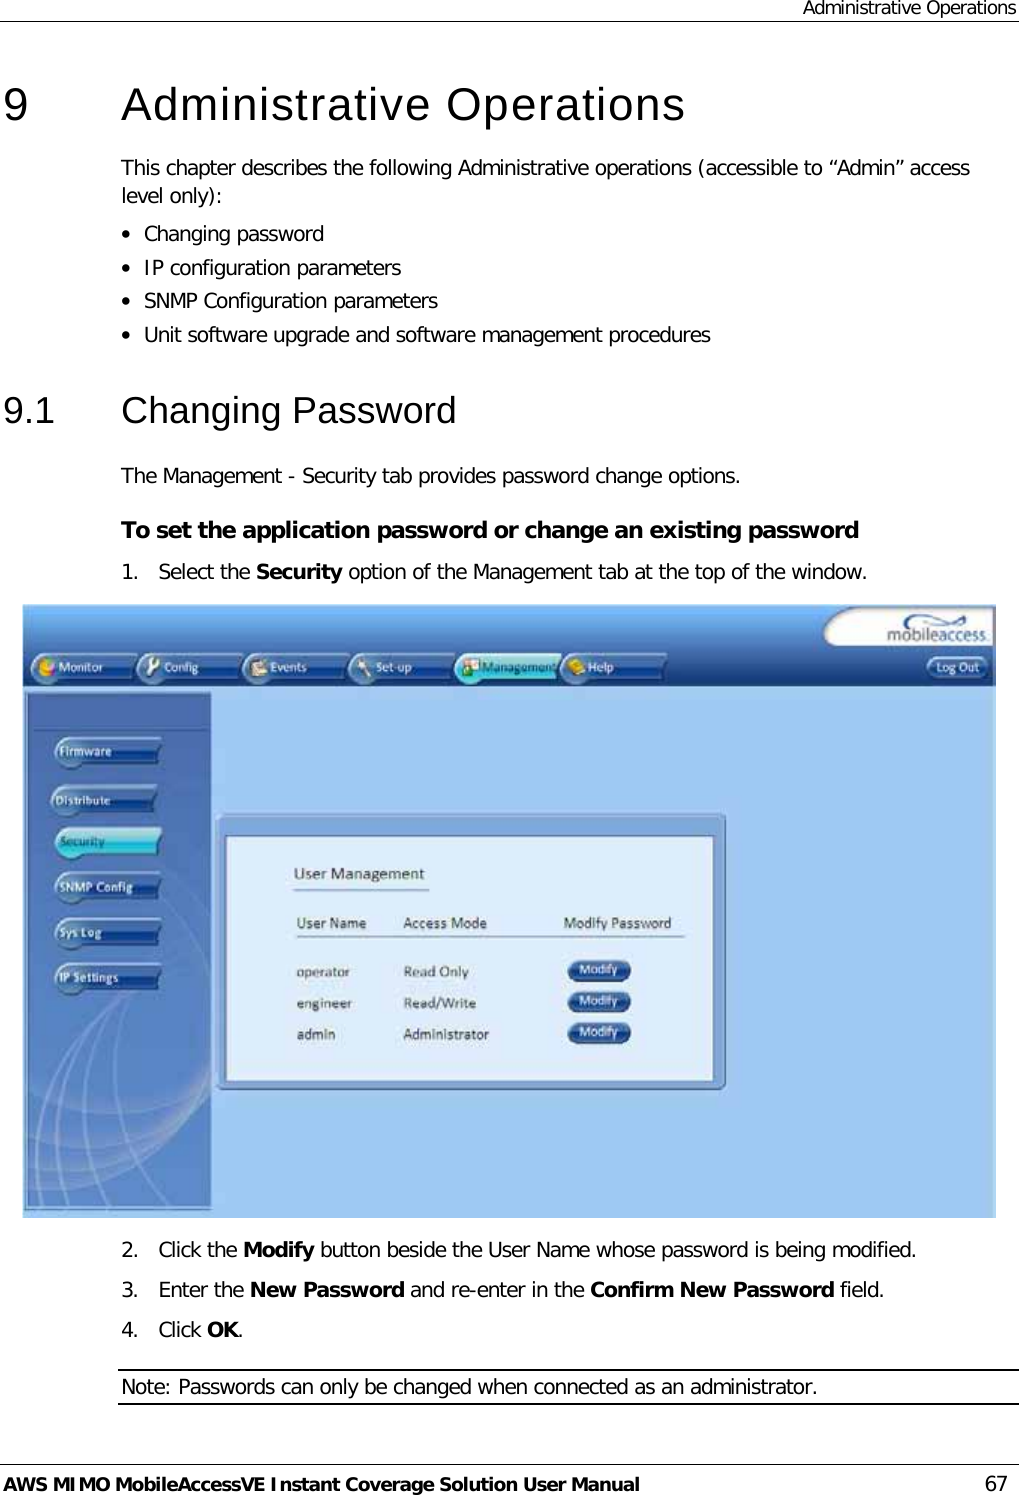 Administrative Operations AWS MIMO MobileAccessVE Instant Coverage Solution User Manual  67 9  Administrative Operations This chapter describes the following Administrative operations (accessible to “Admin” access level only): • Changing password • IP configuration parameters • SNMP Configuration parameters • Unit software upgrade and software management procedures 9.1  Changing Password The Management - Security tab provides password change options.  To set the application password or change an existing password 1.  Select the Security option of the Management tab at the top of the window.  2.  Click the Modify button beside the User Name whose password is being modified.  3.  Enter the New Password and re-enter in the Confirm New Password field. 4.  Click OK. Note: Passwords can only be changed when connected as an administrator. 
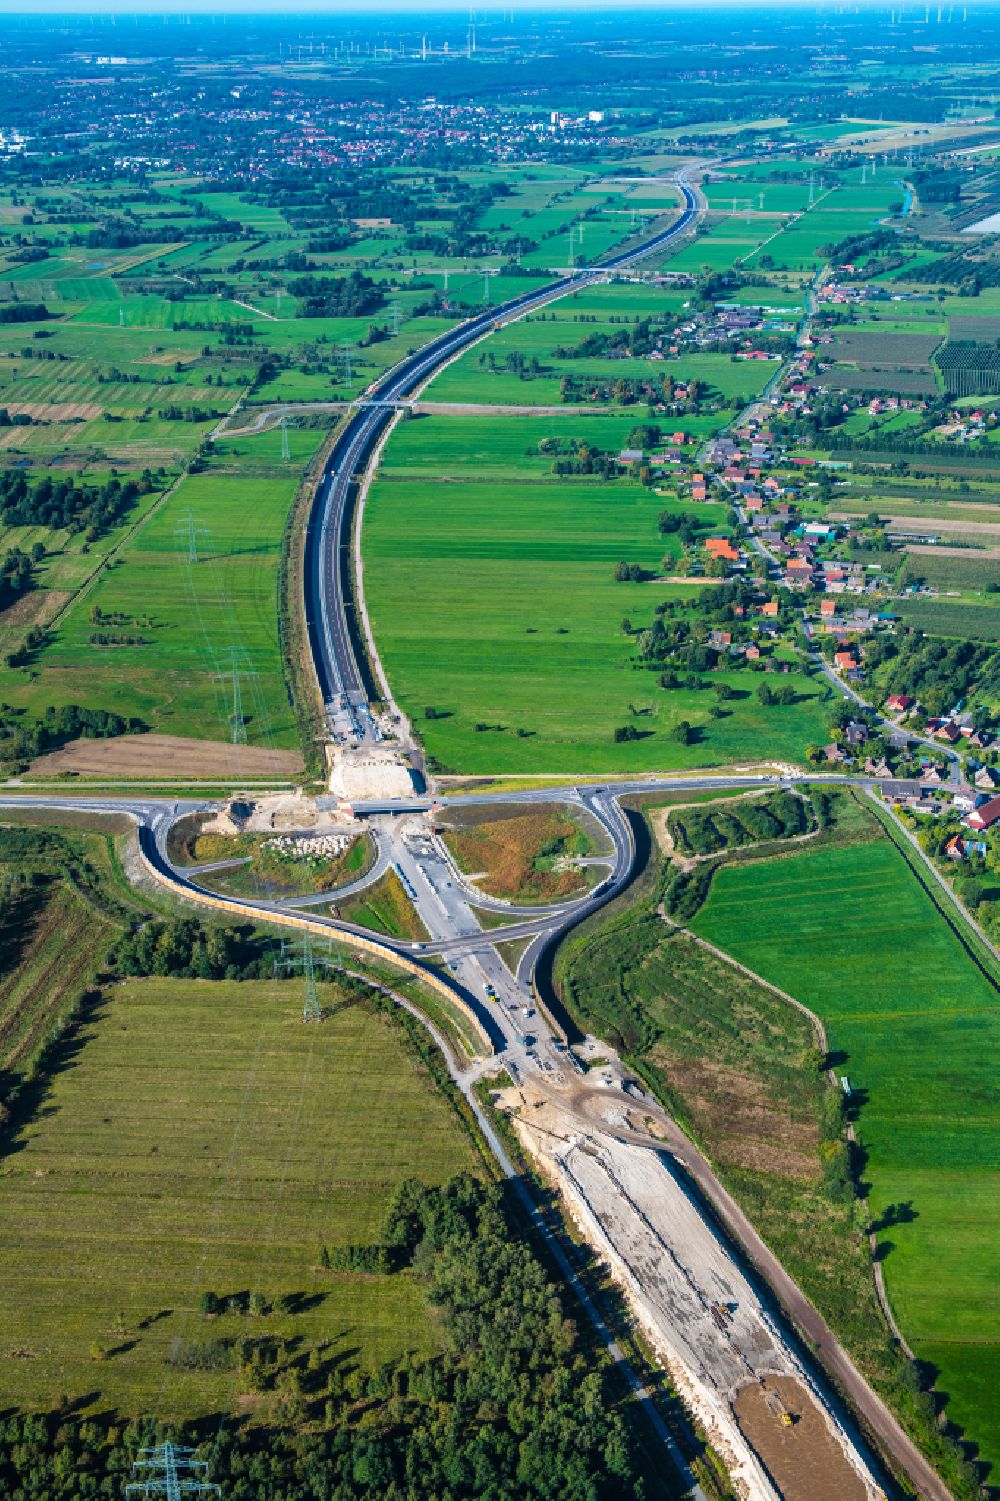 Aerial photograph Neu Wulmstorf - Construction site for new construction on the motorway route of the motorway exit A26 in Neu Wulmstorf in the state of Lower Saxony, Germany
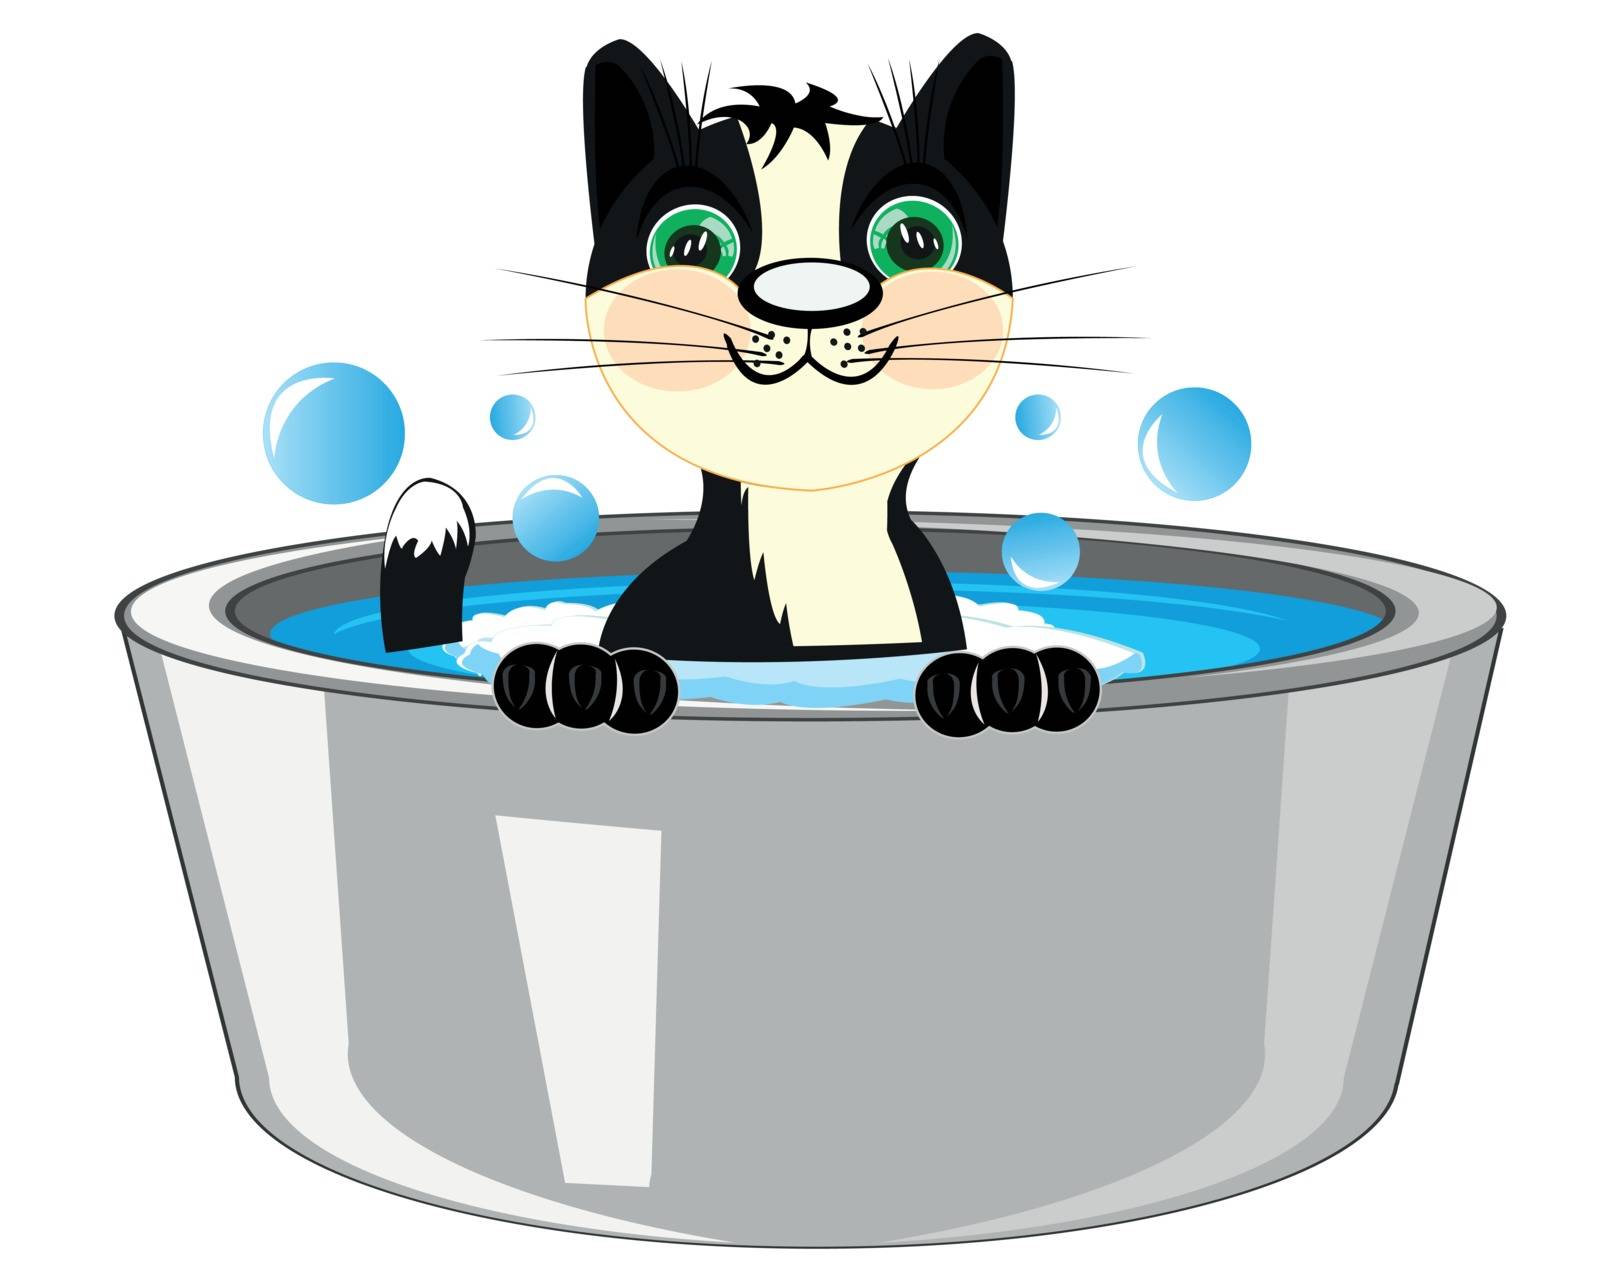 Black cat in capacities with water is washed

Work instruction: Copy out the whole listing exactly, and don't carry over any pictures.

Completed exercise:
 Administrative Operations AWS MIMO MobileAccessVE Instant Coverage Solution User Manual  67 9  Administrative Operations This chapter describes the following Administrative operations (accessible to “Admin” access level only): • Changing password • IP configuration parameters • SNMP Configuration parameters • Unit software upgrade and software management procedures 9.1  Changing Password The Management - Security tab provides password change options.  To set the application password or change an existing password 1.  Select the Security option of the Management tab at the top of the window.  2.  Click the Modify button beside the User Name whose password is being modified.  3.  Enter the New Password and re-enter in the Confirm New Password field. 4.  Click OK. Note: Passwords can only be changed when connected as an administrator. 
 Aerial photograph Neu Wulmstorf - Construction site for new construction on the motorway route of the motorway exit A26 in Neu Wulmstorf in the state of Lower Saxony, Germany
 Black cat in capacities with water is washed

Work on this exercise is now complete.